The tuner in the video also mentioned having the stock Demon tune pulled from a stock Demon-equipped vehicle. However there were some operating system differences between the computer that donor vehicle uses and the target computer in the TRX. He mentioned there are different operating systems which I hope means something different to him than it does to me. To me, OS refers to platforms like Linux, QNX, FreeRTOS, or VXWorks. However I would hope that Chrysler wouldn't be using different OSs for different ECMs. Different versions, maybe, but completely different OSs? I'm not sure I get why they would do that to themselves.

Regardless, he said the details of the tune are migratable, further supporting my theory that MFGs have moved to an architecture where "the tune" refers more to the configuration data than it does the ENTIRE memory map of the processor like it does with EEC-IV/V. For those not familiar with what an EEC-IV/V tune is, think *.docx file rather than the entire Microsoft Word application AND the contents of your document, which is what an EEC-IV/V tune is.

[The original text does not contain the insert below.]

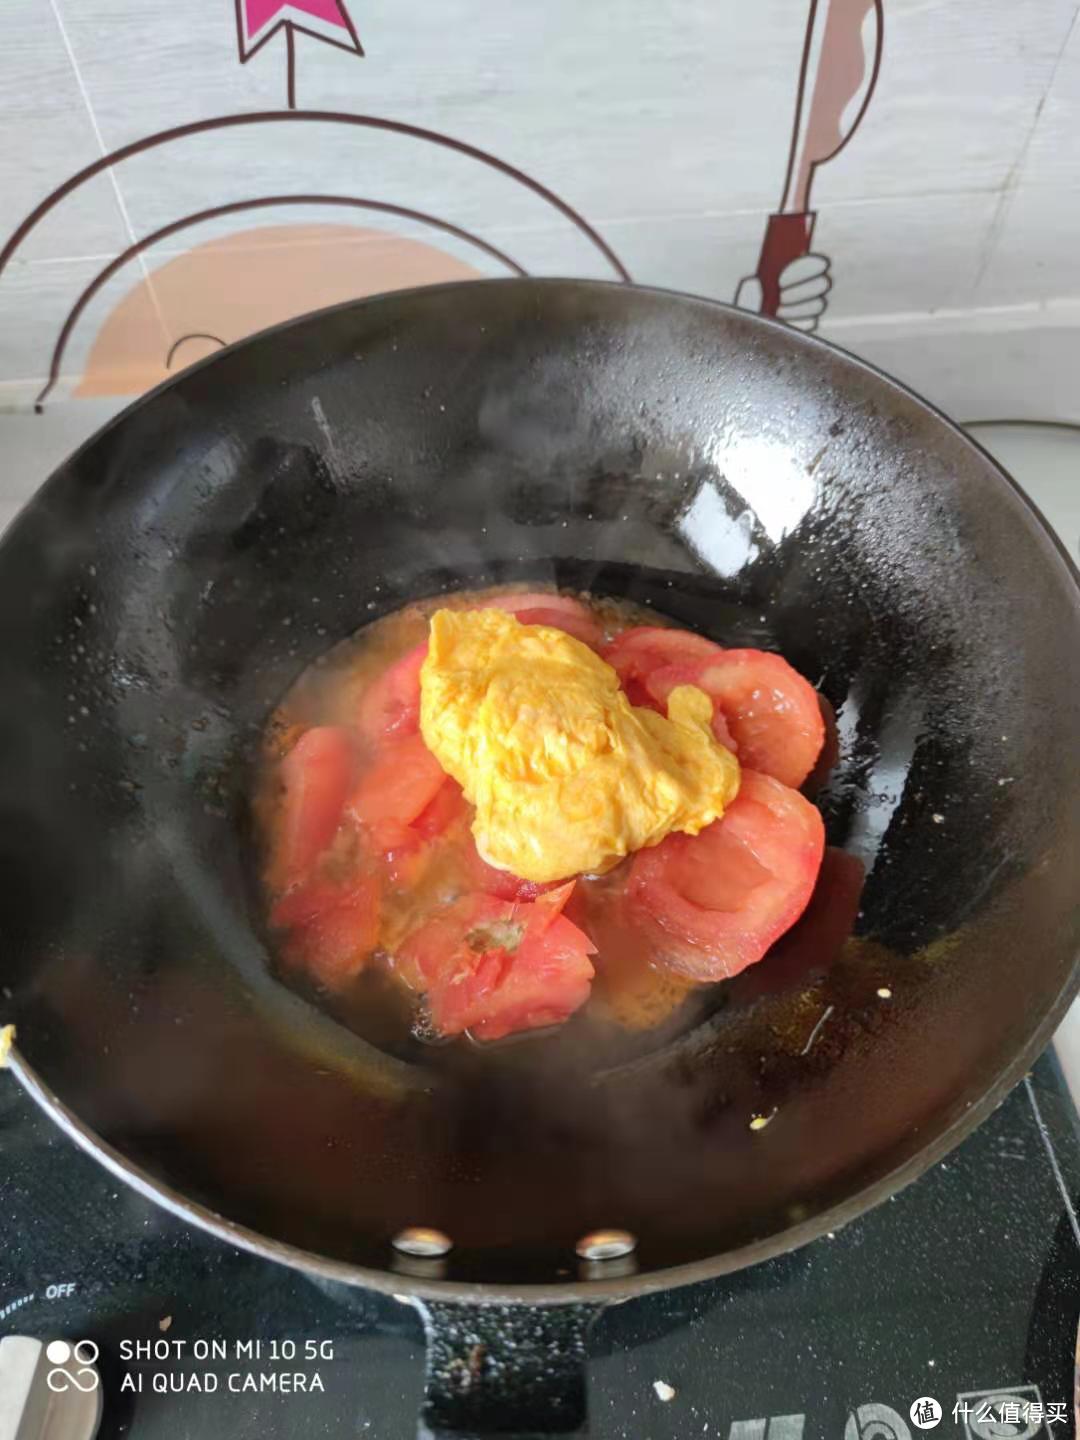 打开锅盖的瞬间鸡蛋会像蒸馒头一样瘪下去

Does anybody else have any experience with aftermarket tuning solutions like HP Tuners to chime in on details like this?

BTW, that's a give-away mini TRX.

[Craig Moates]

Folks,

Sorry I don't stop in here very often lately, but I wanted to let you know that we're BACK online with hardware in stock and available. Apologies for the absence these recent days (years now)! Same old spot with a little different flavor. We're glad to be here for you again going forward, and if you have any questions, just let us know.

Hope this helps,
Craig

[EDS50]

Folks,

Sorry I don't stop in here very often lately, but I wanted to let you know that we're BACK online with hardware in stock and available. Apologies for the absence these recent days (years now)! Same old spot with a little different flavor. We're glad to be here for you again going forward, and if you have any questions, just let us know.

Hope this helps,
Craig

Welcome back my friend. This is wonderful news for the community.

[jsa]

Folks,
I wanted to let you know that we're BACK
Craig

Welcome back, what's the game plan for the future?